Web Design

Good web design is a blend of beauty and functionality.

A website should look attractive, and draw the user in with its visual quality. After all, the internet is largely a visual medium.

I like to design sites that are light and bright, with enough ‘white-space’ to allow easy reading of the textual content. Sites with content in a central column generally look much better than those that hug the left margin, or that extend the whole width of the browser window.

Graphics should complement the text, not distract from it. Colours should be chosen with care, and used to create the underlying ‘mood’ of the site. There should be unity and balance between various page elements, so that the page feels in harmony, not in discord.

The design should allow text-size to be increased without breaking the design of the page.

But a website that looks great is only half the story. It also needs to function well. A good looking website that functions poorly is like putting a lawn mower engine in a ferrari.

Separation of Content and Presentation

Badly designed websites use HTML tags to determine colour, font and other apects of the design. These HTML tags are often used for each new paragraph, and significantly increase the size of the HTML file - and therefore make the page take a longer time to open in a web browser. The big problem comes when changes need to be made. Font tags have to be changed on every paragraph of every page of the entire website, which can take hours, or days of work on a large site.

Using Cascading Style Sheets [CSS] removes all this presentational mark-up from the HTML file. The colour, fonts & other stylistic aspects of the site, as well as all positioning and layout, are handled by an external CSS file. The HTML stays clean, and changes to presentation are much simpler. A simple change to the CSS file will change the presentation of every paragraph on every page of the entire website.

The aim is to completely separate the textual content of the website from the rules that determine how that content should be presented.

Tables vs CSS

Many websites still use the HTML <table> tag to position design elements on the screen, and the HTML file gets filled with tables ‘nested’ within tables - it can become a real mess. It gets even worse if something has to be changed in the layout, because changing one table may affect other tables when they are deeply nested.

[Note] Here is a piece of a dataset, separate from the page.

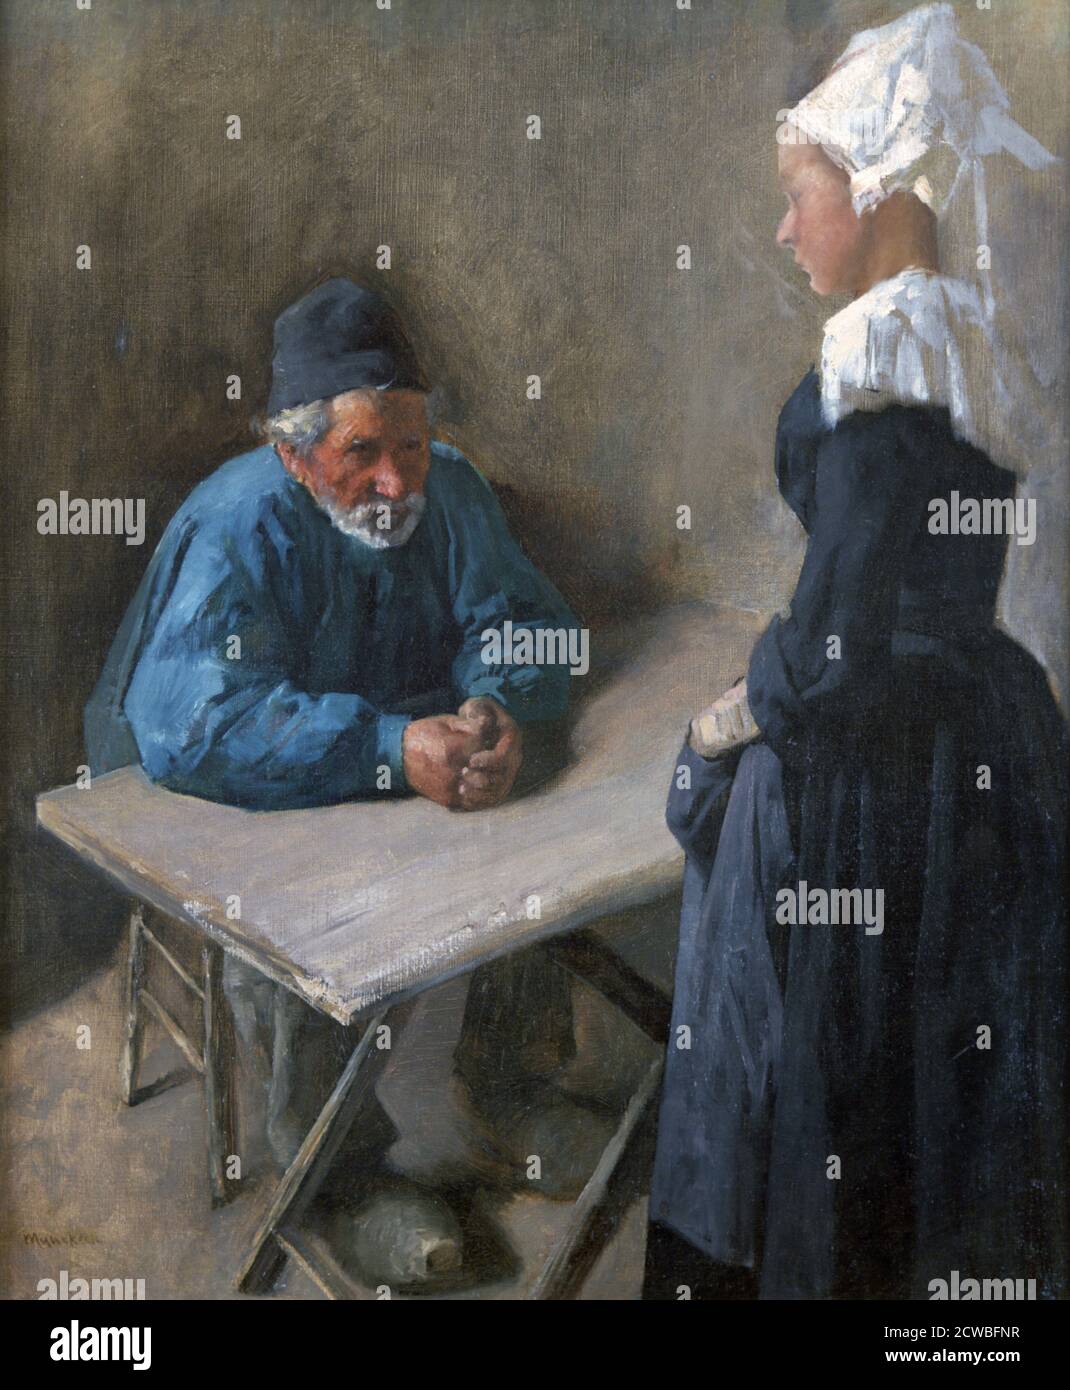 Die Verlobung der Magd', c1864-1900. Künstler: Mihaly Munkacsy. Mihaly Munkacsy (1844-1900) war ein ungarischer Maler. Mit seinen Genrebildern und großformatigen biblischen Gemälden erlangte er internationale Reputation. Stockfoto

A change to the site layout will often make it necessary to change tables on every page of the website, which can involve many hours work.

On the other hand, using Cascading Style Sheets allows all positioning and layout to be handled by the external CSS file. Using CSS to its to full potential allows the web designer to control the display of the web page more precisely than tables - and once again, simple changes to the CSS will instantly update every page on the site.